You surely have an attorney by now to ask about these things. It is still half her house isn't it? She's not living there so she was wrong to come and rearrange again but as far as I know it's still half her house just going by the law of averages.


----------



## Works (Apr 3, 2016)

*Deidre* said:


> I’m in a good marriage but I dated a few horrible men before my husband, and to your point, I think what is difficult is that you loved this person at one point and he loved you. Your mind has moved on but the heart takes time, and I’m sorry you’ve been through such an ordeal.

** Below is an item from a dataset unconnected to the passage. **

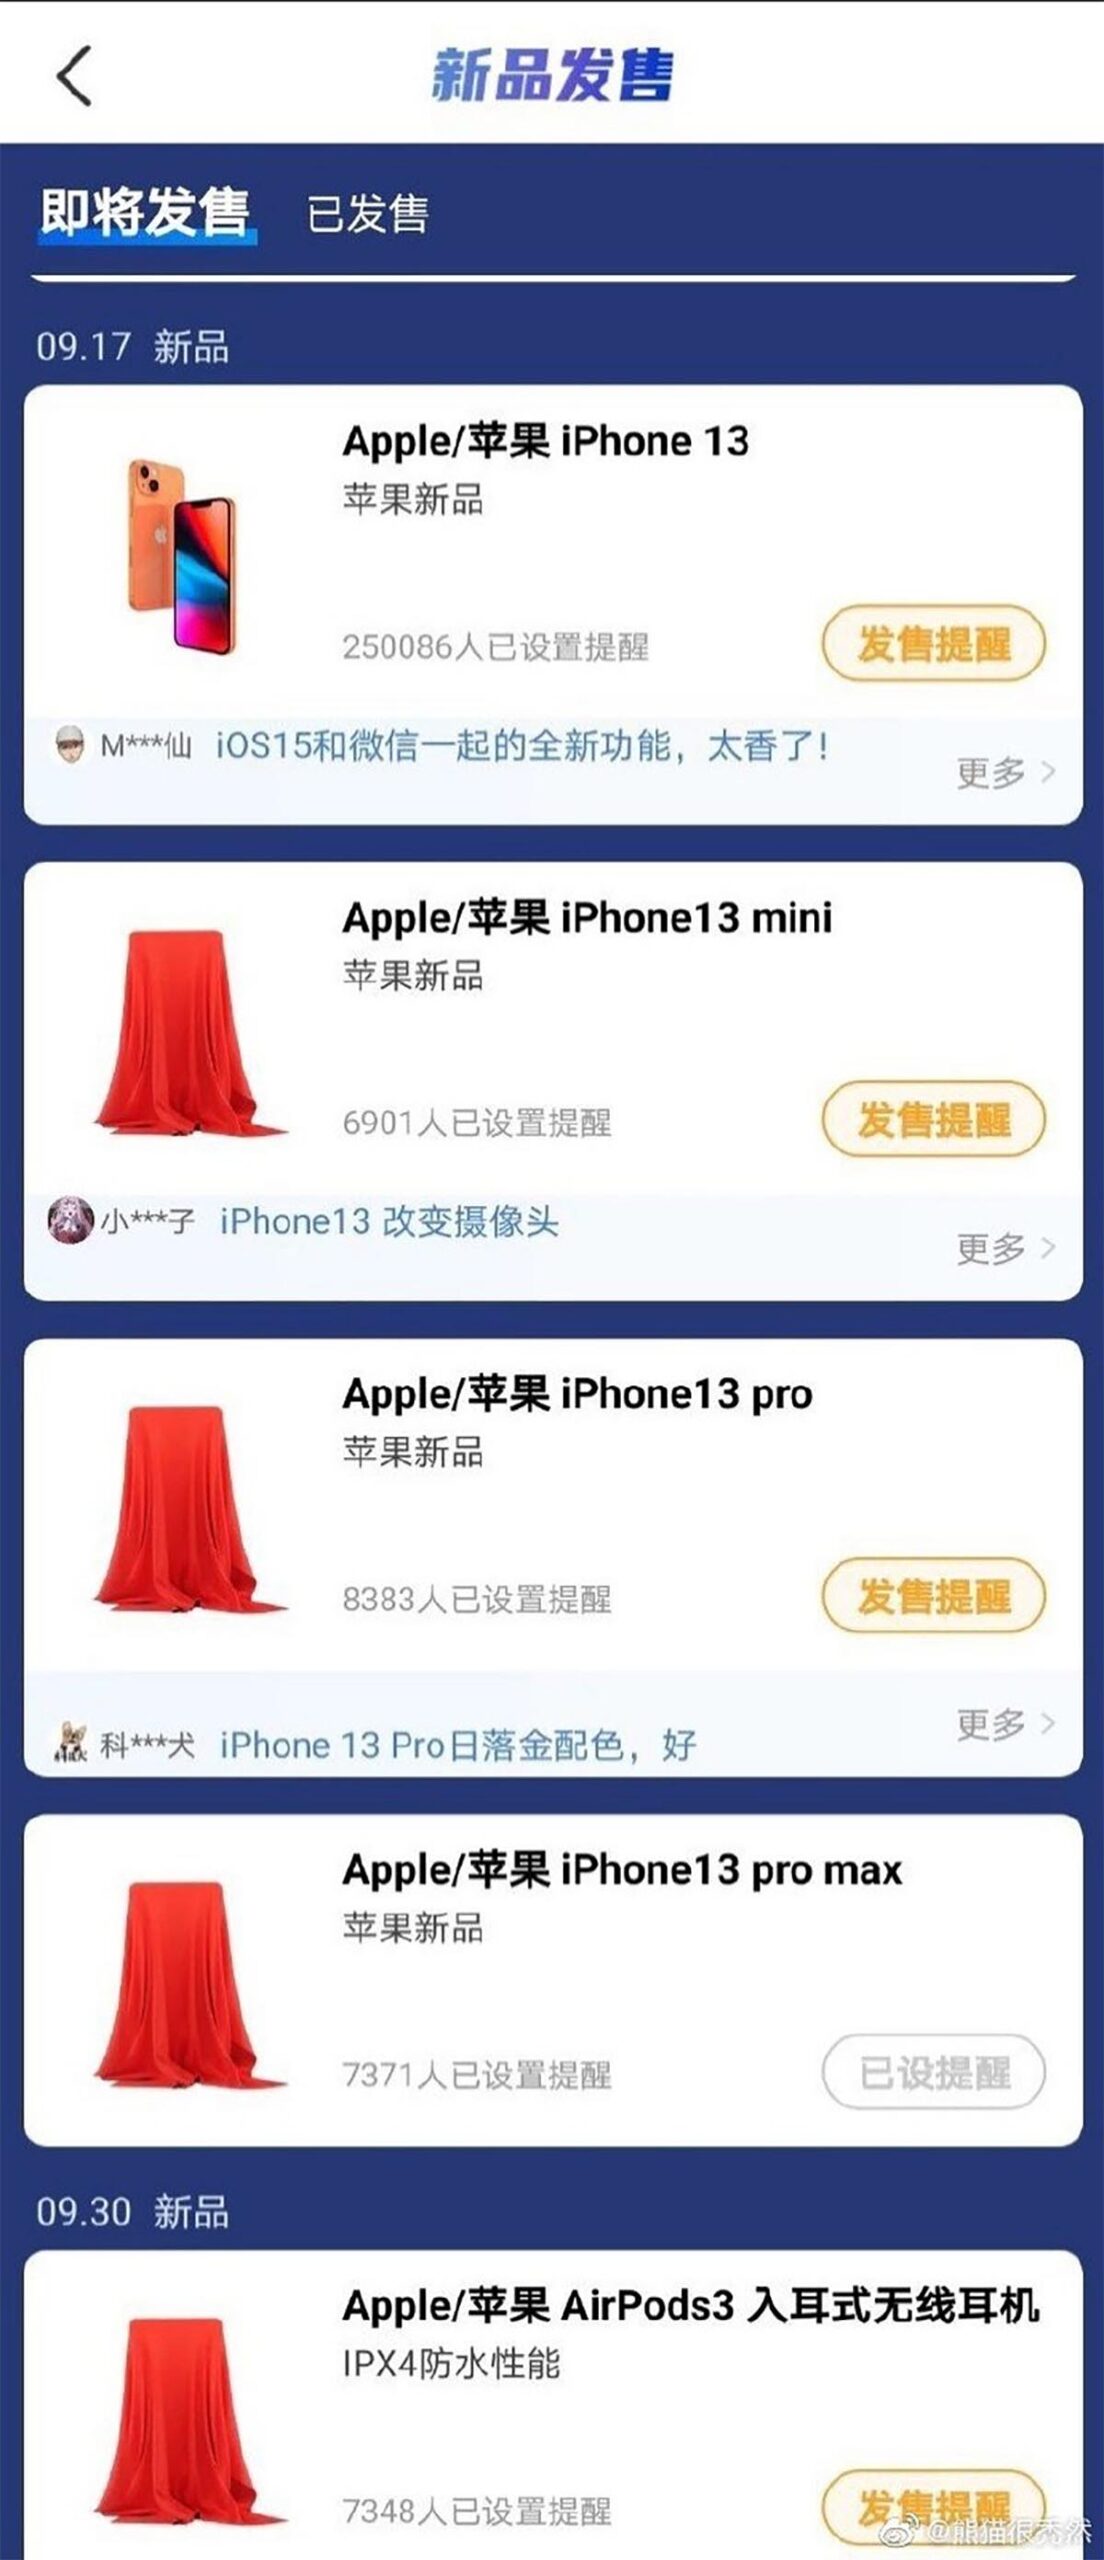 iPhone 13 il 17 settembre secondo un sito cinese

Love shouldn’t feel that way.


I was a mere "child" with low self-confidence and the rest of the self one should've had.. But now I know better. 😀 

Love is loving yourself first.


----------



## D0nnivain (Mar 13, 2021)

The stuff she took was hers. You are not allowed to hold her birth certificate or social security card hostage. Put the other stuff back & talk to your lawyer about changing the locks. Problem solved.


----------



## Openminded (Feb 21, 2013)

She’ll keep this up as long as you let her.


----------



## Evinrude58 (Jun 16, 2014)

OP is asking questions that his lawyer should easily answer. I fear he hasn’t seen one, and he’s allowing his ex to manipulate and in my opinion, hoping she will come back to stay. Give her the darn cats and her stuff. If those cats are “your babies and you just can’t part with them”, then there’s not much left I can help you with.


----------



## MarriedLovingSaved (8 mo ago)

I have talked to a lawyer before July 1st, but never filed anything. My state requires 6 months of separation before divorce can be filed. I will reach out Monday to discuss what is going on


----------



## DownByTheRiver (Jul 2, 2020)

It will vary by locale, but when my friend separated last year, she still had full access to the house, which she then got 75% of since he's the one who should have moved and wasn't cooperating with anything. She didn't move by choice. She had to move because he wouldn't, to take a minor out of the house.


----------



## Openminded (Feb 21, 2013)

Make sure you’re the one who files. Yes, you’ll have to pay the filing fee but you’ll also control the process. If you wait for her to file, she can dismiss it at any point and then you have to start over.


----------



## Lostinthought61 (Nov 5, 2013)

set up camera in the house and i would tell her she is not allowed in the house wihtout you being there


----------



## MarriedLovingSaved (8 mo ago)

I set a camera up in my office and she unplugged it when she started staying here. She actually came to visit a month ago or so and screamed at me for having an indoor camera saying she said no indoor cameras in our house because people hack them... I said I don't care Im the one living here and she unplugged it when I went to the gym and put it in the closet - I just decided to move it to my office instead - where she still, unplugged it instead of just shutting my office door...


----------



## MarriedLovingSaved (8 mo ago)

She came over last night for dinner and she requested a divorce - I agreed however, she wants to get a mediator instead of lawyers (cause she is broke) and does not want anything that isn't fair, she does not want alimony, health care, or anything except a house buyout, her car changed to her name and a split of everything in the home.


----------



## Evinrude58 (Jun 16, 2014)

While she is wanting out at all costs to pursue whomever or whatever, I passionately encourage you to get the papers drawn up TODAY. Don’t let your attorney delay you. They can have their paralegal draw all this crap up with cut and paste literally in a few minutes. 
Wjen you tell what she said to a good attorneythat’s not trying to screw you, they will understand the sense of urgency and act accordingly.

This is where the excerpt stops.